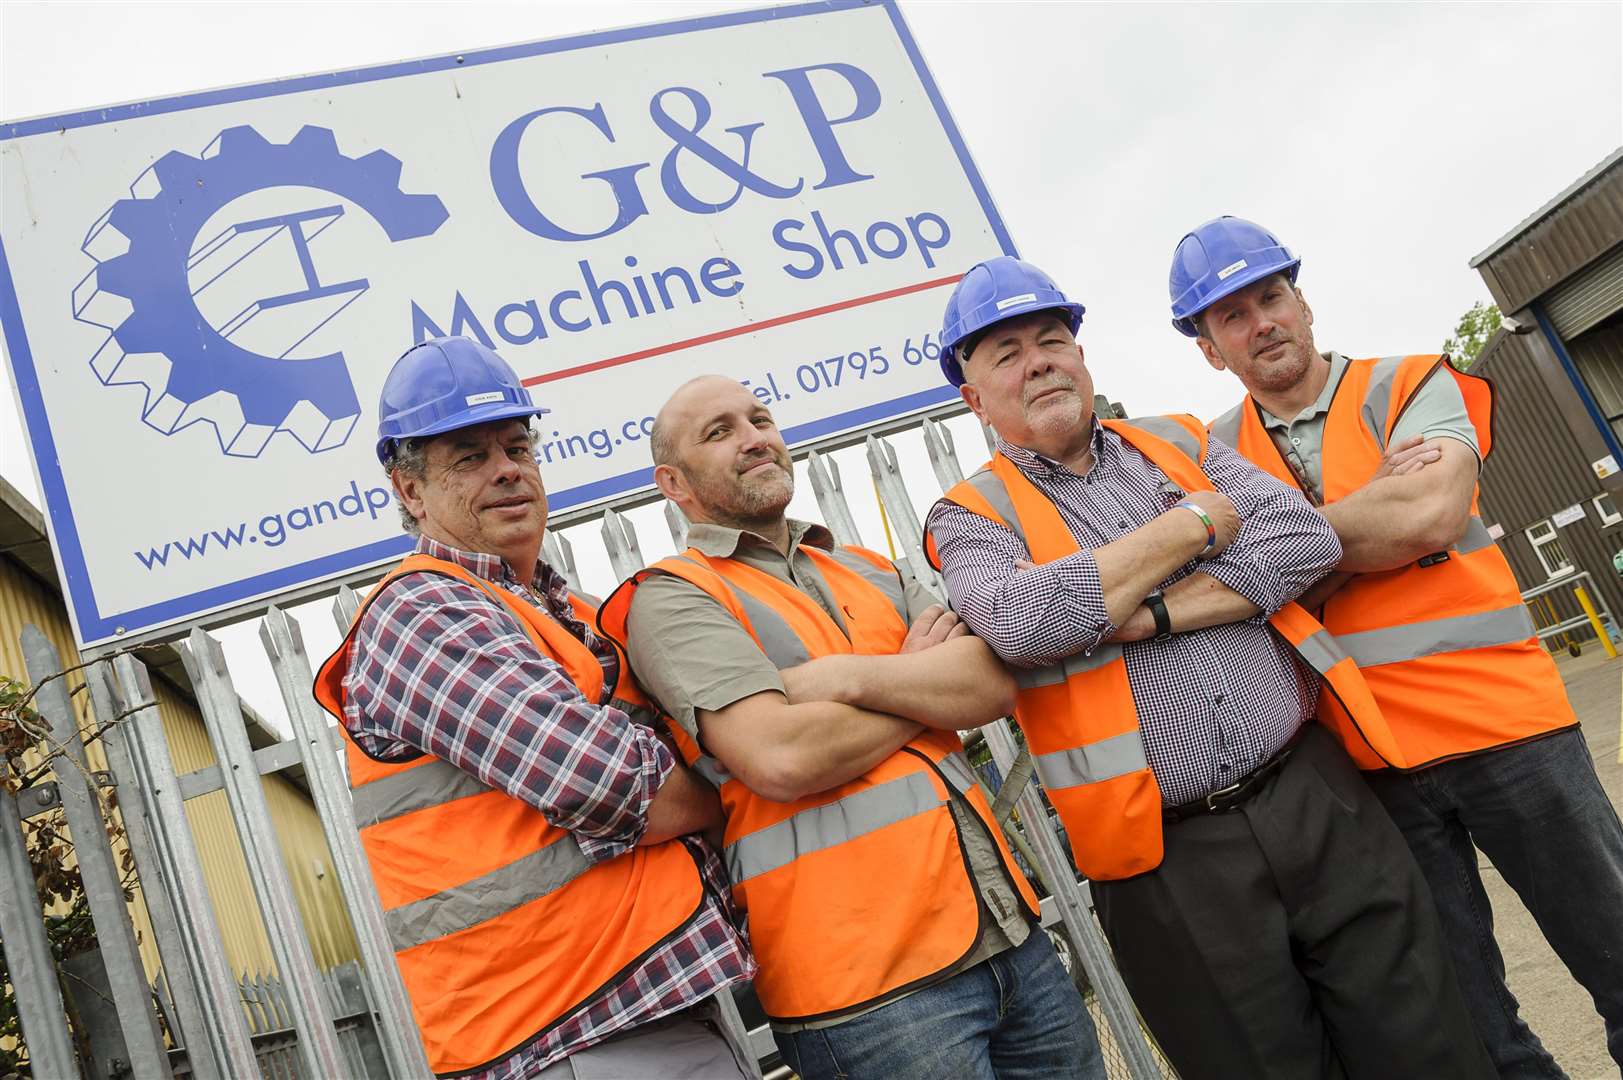 Sheppey firm G&P which was formed by owner Gerry Lawson- pictured after their firm was commended for the quality of their engineering work on the Woolwich Ferry Picture: Andy Payton
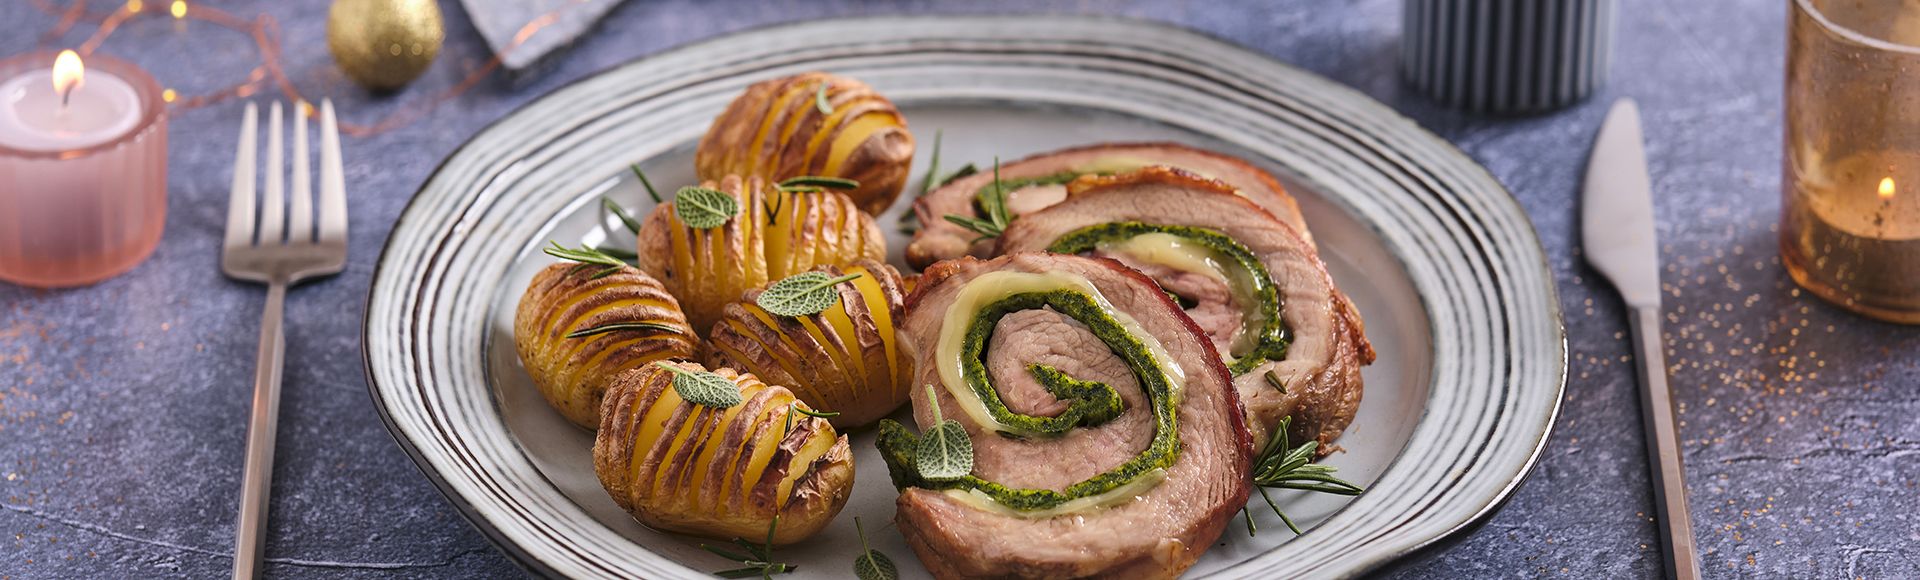 Stuffed veal roll and hasselback potatoes
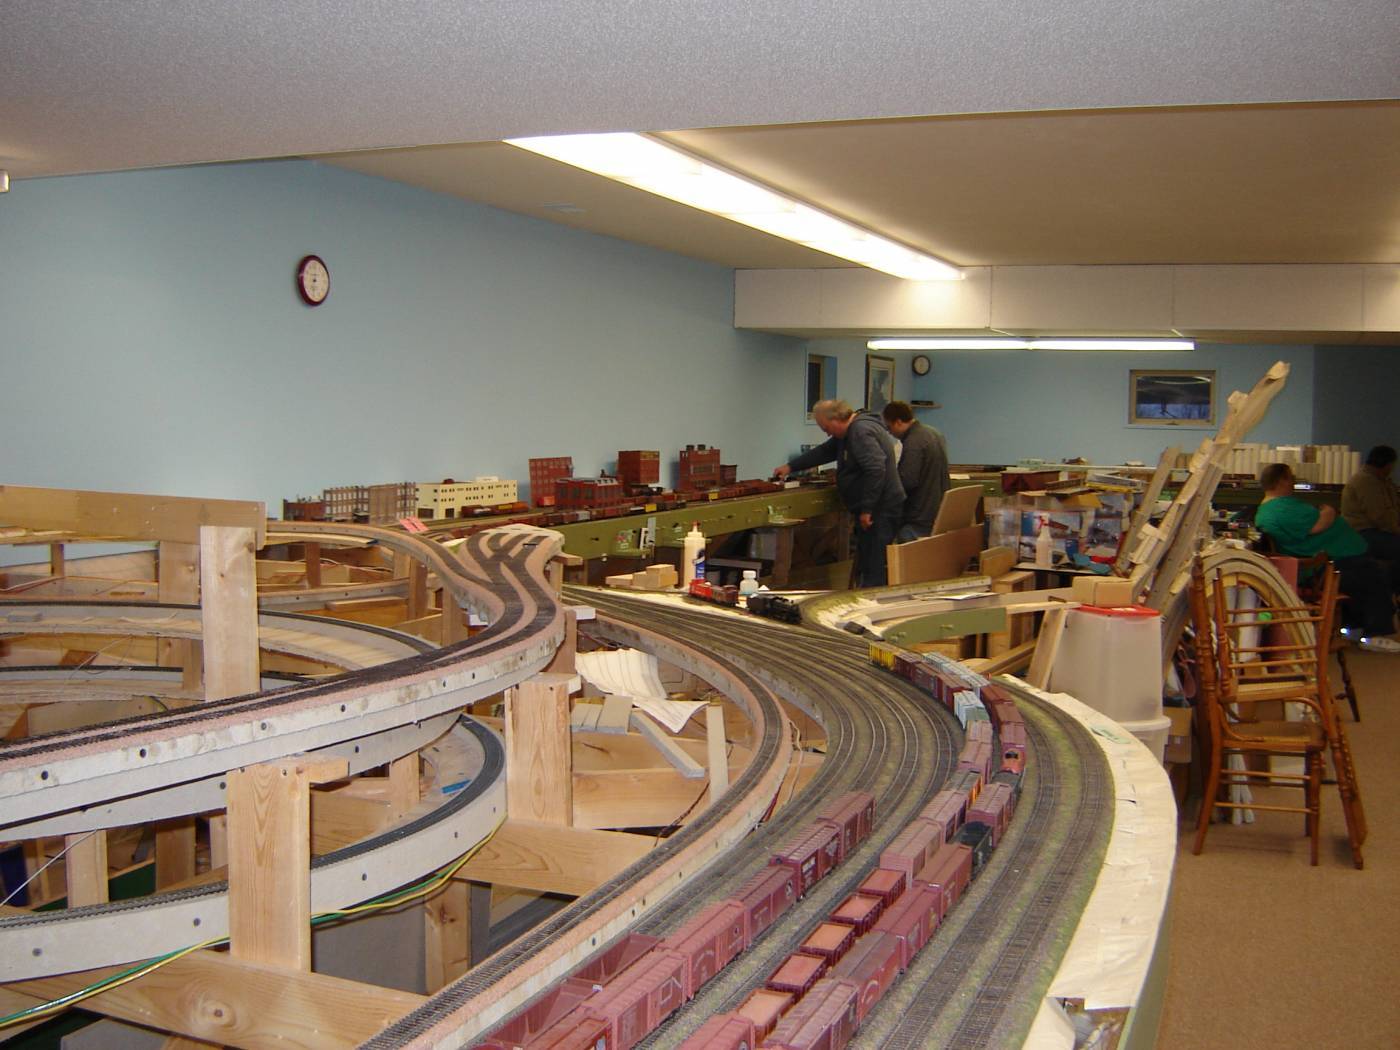 Model Train Benchwork and Roadbed Construction

□ □ □ □ □

- _What needs to be done_
An exact, picture-free copy of the listing above is the goal; write it out now.

- _Solution to the problem_
 Sheppey firm G&P which was formed by owner Gerry Lawson- pictured after their firm was commended for the quality of their engineering work on the Woolwich Ferry Picture: Andy Payton
 Stuffed veal roll and hasselback potatoes
 Model Train Benchwork and Roadbed Construction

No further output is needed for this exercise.